III. INTEREST, FEES AND OTHER MATTERS.
3.1 Interest. Interest on Advances shall be payable in arrears on the
first Business Day of each month. Interest charges shall be computed on the
actual principal amount of Advances outstanding on the last Business Day of the
preceding month at a rate per annum equal to the Revolving Interest Rate. Upon
and after the occurrence of an Event of Default, the Obligations shall bear
interest at the Revolving Interest Rate, plus fifteen percent (15%) per annum
the ("Default Rate"); provided, however, that the Defaults shall not exceed
twenty percent (20%).
3.2 Fee for Overadvance. If the principal amount outstanding of the
Revolving Credit Note exceeds the Formula Amount, such excess shall bear
interest at the rate of 1% per month (prorated for any partial month).
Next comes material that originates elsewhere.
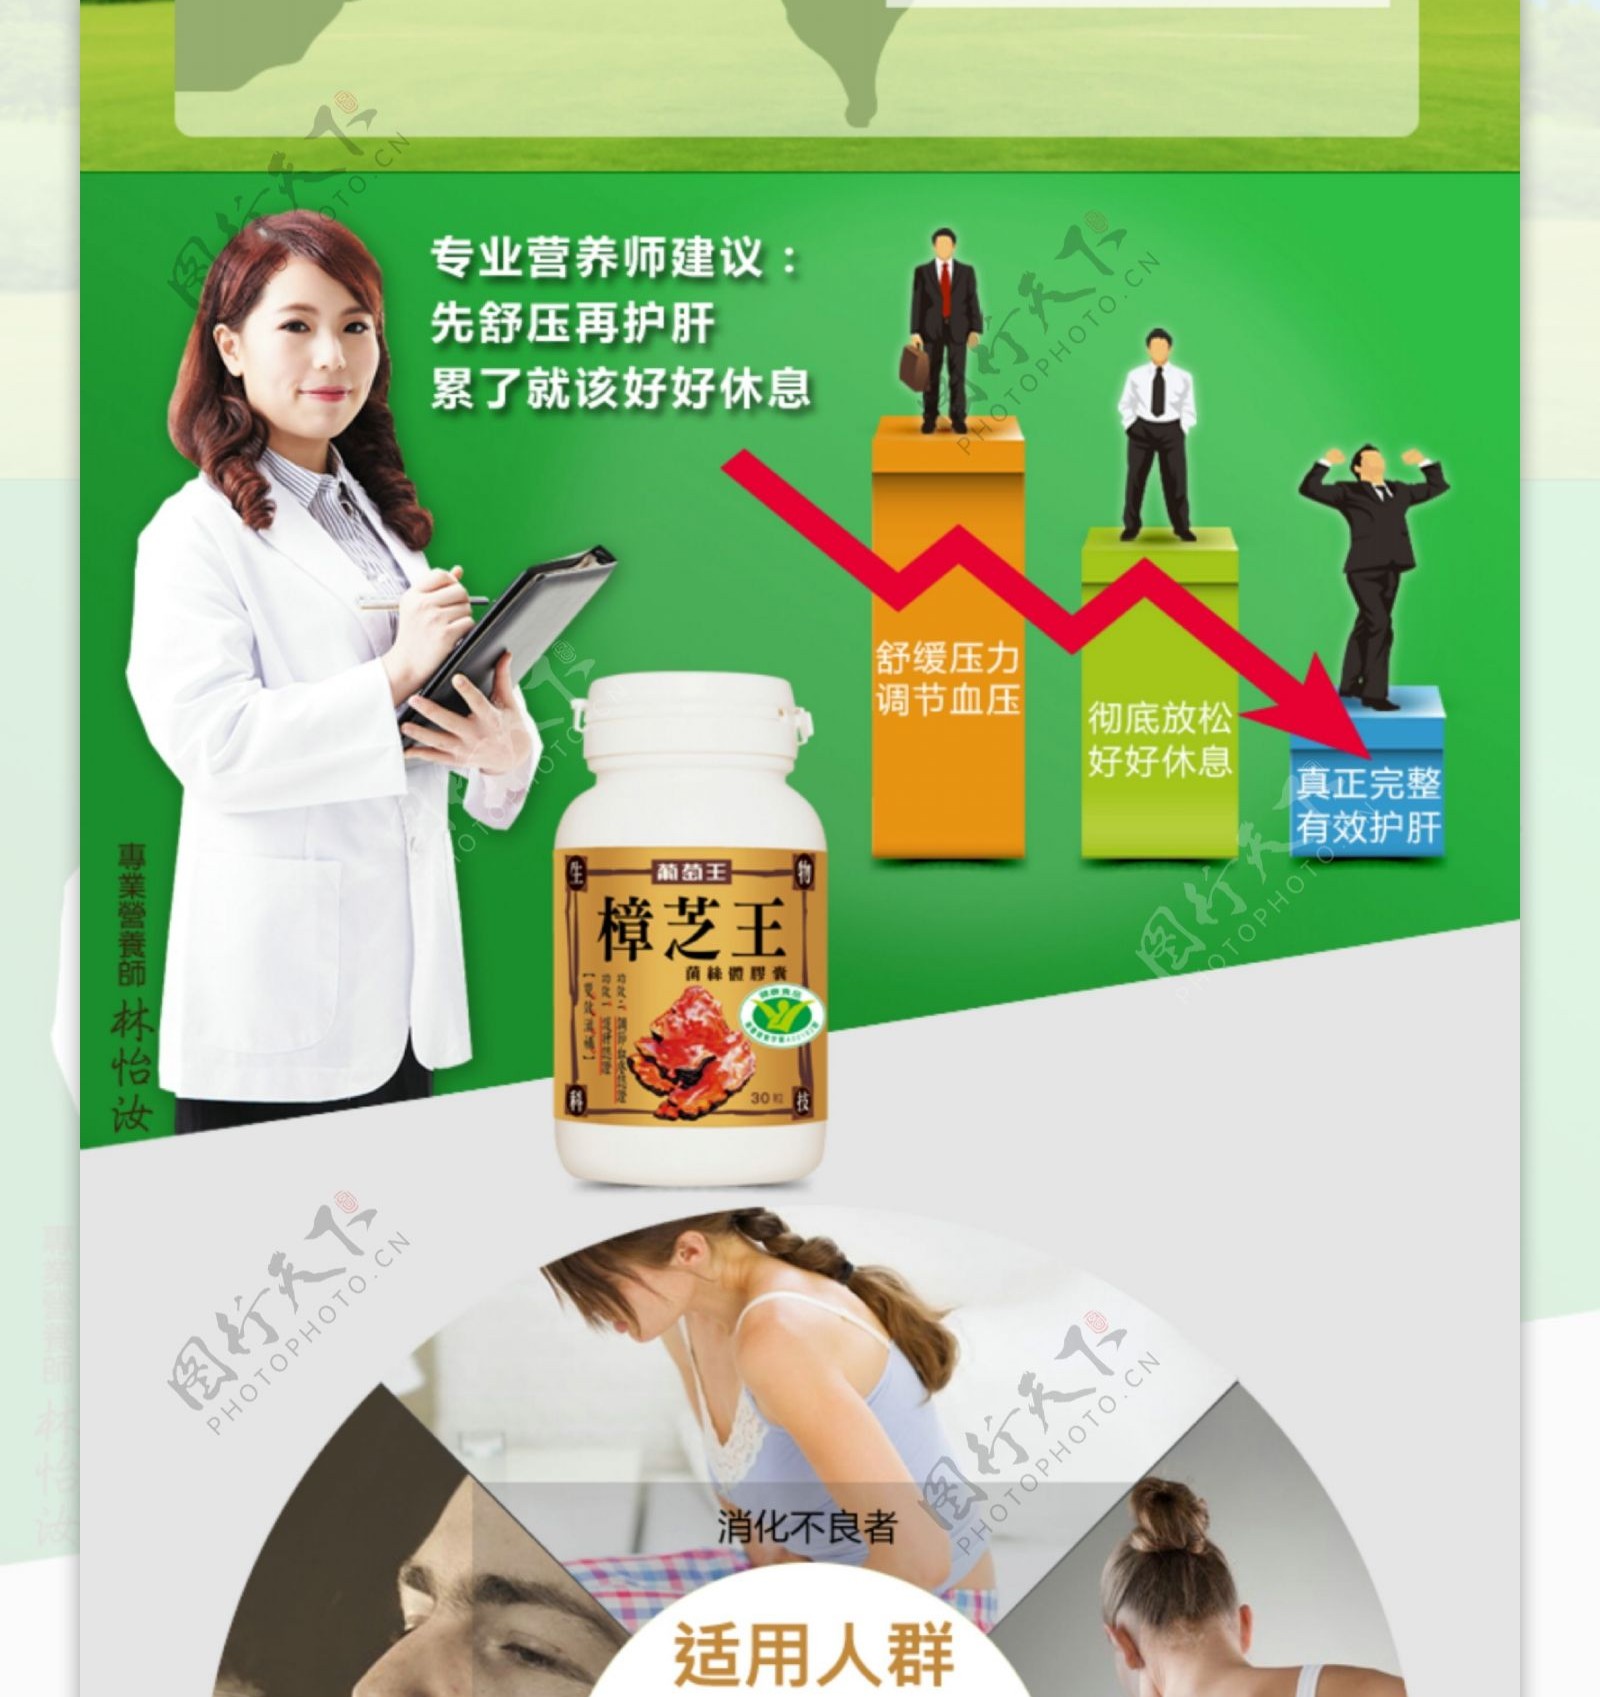 台湾保健食品樟芝王淘宝详情页绿色主题

3.3 Computation of Interest and Fees. Interest and fees hereunder shall
be computed on the basis of a year of 360 days and for the actual number of days
elapsed. If any payment to be made hereunder becomes due and payable on a day
other than a Business Day, the due date thereof shall be extended to the next
succeeding Business Day and interest thereon shall be payable at the Revolving
Interest Rate.
3.4 Commitment Fee. Borrower shall pay to Lender commitment fees of (a)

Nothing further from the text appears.